Ей подали серебряную изящную чашу с мелкими изумрудами по ободку, она взяла не глядя и приподняла на уровень лица.
— За ваши победы, ваша светлость, — произнесла она ясным голосом, — за нынешние и… будущие.
За столами взревели довольно, мы с Хорнегильдой осушили свои чаши, глядя друг на друга, затем в зале началось настоящее пиршество, безудержное и раскованное.
С мочек ушей Хорнегильды свисают серебряные украшения с голубыми камешками, а на лбу оправленные в серебро жемчужинки. Судя по тому, что даже не болтаются, сооружение прикреплено к короне…
Музыка заиграла снова, на этот раз больше струнных, но и трубы время от времени радостно подвывают, в зале нарастает говор, громкий и бестолковый, как выглядит со стороны, однако умные люди и здесь чего-то добиваются, пользуясь случаем, сколачивают союзы, хорошо бы только торговые, а те, что неумные, больше рассматривают женщин, примериваясь и прицеливаясь…
Второй зал отделен только колоннадой, там уже начались танцы, торжественные и церемонные, но я уже научился смотреть на них без смеха. Пока что это тоже некое действо, к безудержному веселью относящееся мало, разве что совсем краешком. Сейчас это узаконенный веками ритуал и очень медленно поддающийся изменениям: мужчины демонстрируют ширину плеч, широкие пластины мышц груди, толстые руки и надменный взгляд, а женщины каждым движением и жестом выказывают скромность и послушание, лишь как бы невзначай и совсем невинно выставляя краешком целомудренно белые вторичные половые признаки.

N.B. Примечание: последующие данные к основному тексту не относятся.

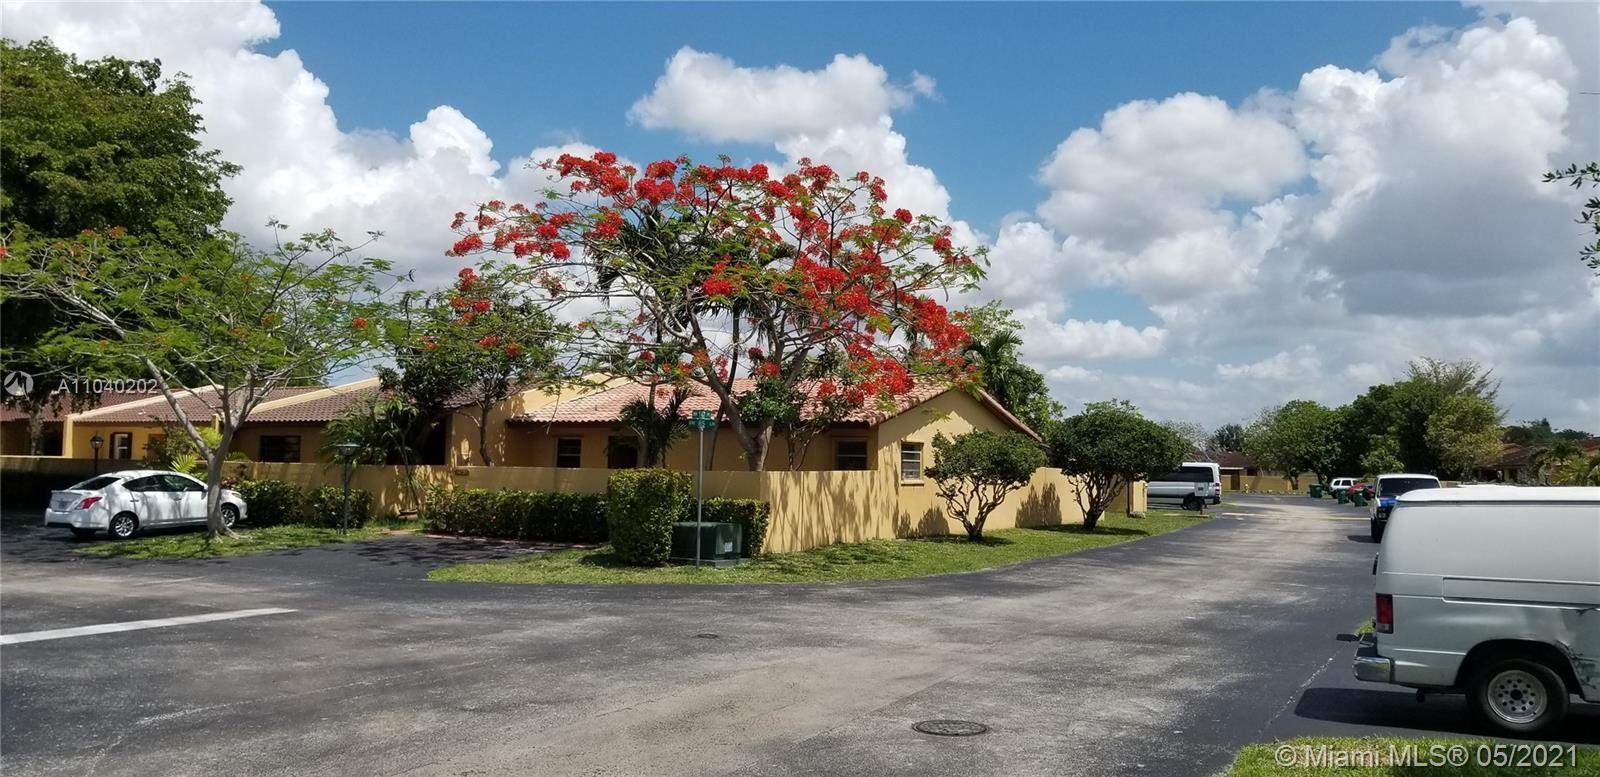 14731 SW 85th Ln, Miami, FL 33193 - #: A11040202

Я не столько услышал шум за стенами, как почуял. Продолжая улыбаться и поднимать чашу в ответ на заздравные кличи, я поднялся из-за стола и прошелся к дверям.
Там тоже приближающиеся шум и голоса, я передал чашу одному из гостей и вышел за дверь. Навстречу спешат люди из охраны дворца, впереди молодой парень в одежде полевого разведчика, едва дышит, бледный от обезвоживания.
— Ваша светлость!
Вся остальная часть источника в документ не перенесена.